Moreover, as was pointed out on behalf of the defendant, there were some differences between the version in Ms Ashton's affidavit, and the version in her verified pleading. The pleaded version was that Mr Pratt promised to establish a trust fund of $2.5 million for each of her two children "to be managed by the plaintiff for the benefit of the said children who are presently minors" - not that he would make the arrangements for setting up of the trust, as her affidavit version describes. Secondly, it was pleaded that Mr Pratt would pay the rent on her rented apartment, when the affidavit version was that he would pay rent for her if she moved out of that apartment. But I do not find those discrepancies particularly telling. Reference was also made to the circumstance that the pleading referred to a "retainer of $500,000 nett of taxation", while the affidavit referred to it being "tax free"; I see no significance at all in this supposed discrepancy.

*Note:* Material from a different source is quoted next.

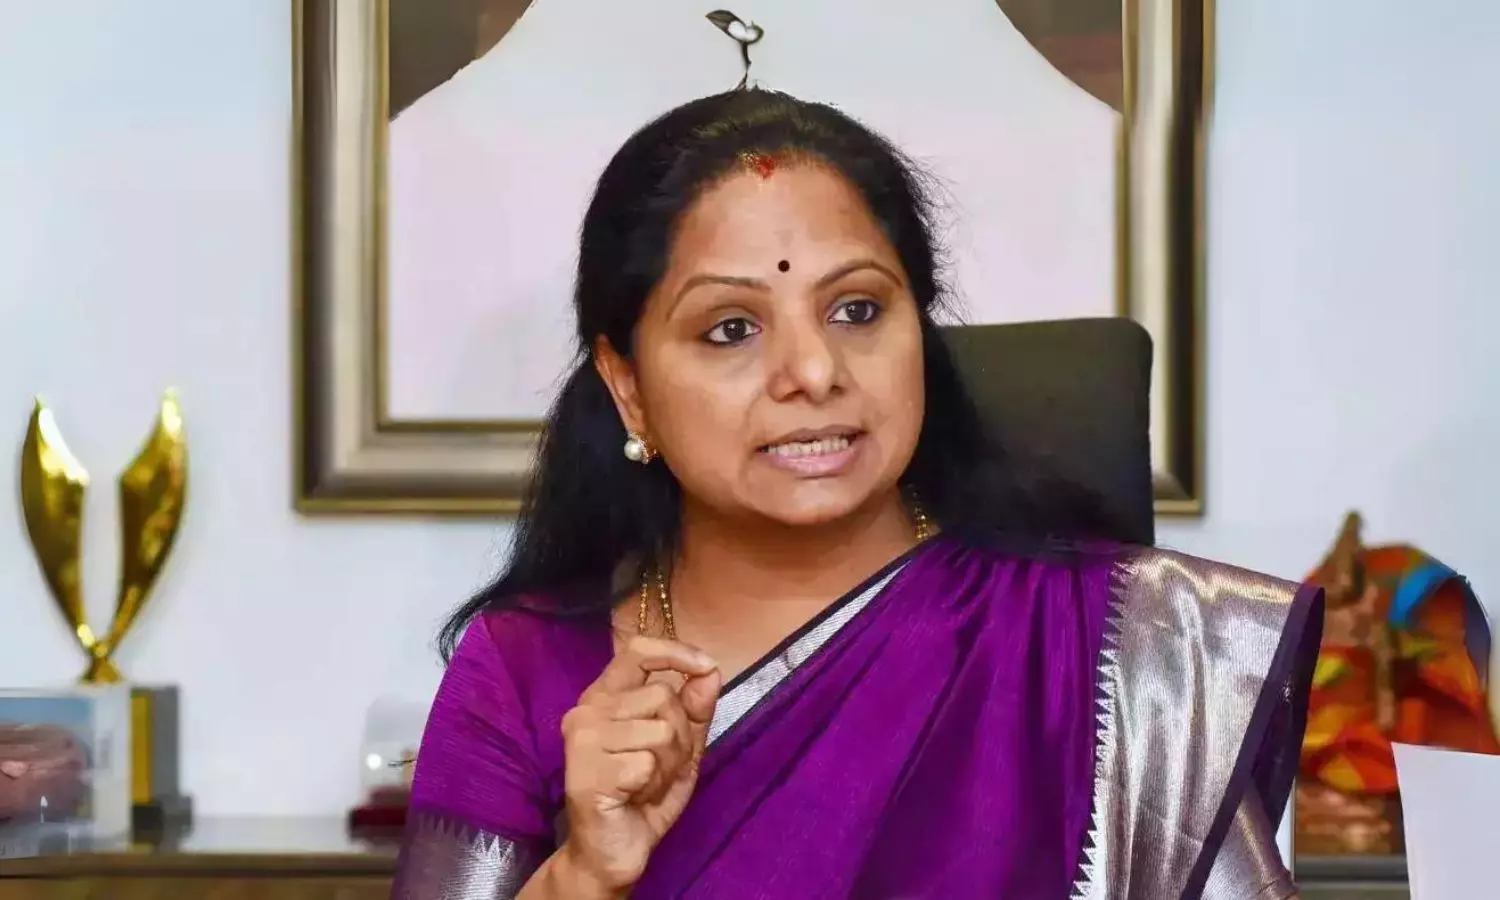 BLS leader K Kavitha produced before court in Delhi excise policy case

On the other hand, in the context of the extraordinary wealth involved and the extraordinary circumstances of this extraordinary case, including the evidence bearing on Mr Pratts' relationship with Ms Hitchcock, I do not accept that Ms Ashton's account is inherently incredible. Some corroboration, albeit not independent, of Ms Ashton's version of the critical November 2003 conversation is provided by her letter of 19 January 2005. About it, the following observations must be made. First, it does not refer to the alleged allowance of $500,000 per annum, which - at least on one view - was the most significant of the alleged promises. Ms Ashton says that she raised this in her subsequent telephone conversation with Mr Pratt, and described its omission from the letter as a "huge mistake". Secondly, the letter does not assert an entitlement to be paid in accordance with the promises, but seeks a "payment figure" by way of "financial help"; it asks for a payment in the light of damage to Ms Ashton's reputation said to have been inflicted by Ms Hitchcock. This tends against a view that the promises were intended to be legally binding and enforceable.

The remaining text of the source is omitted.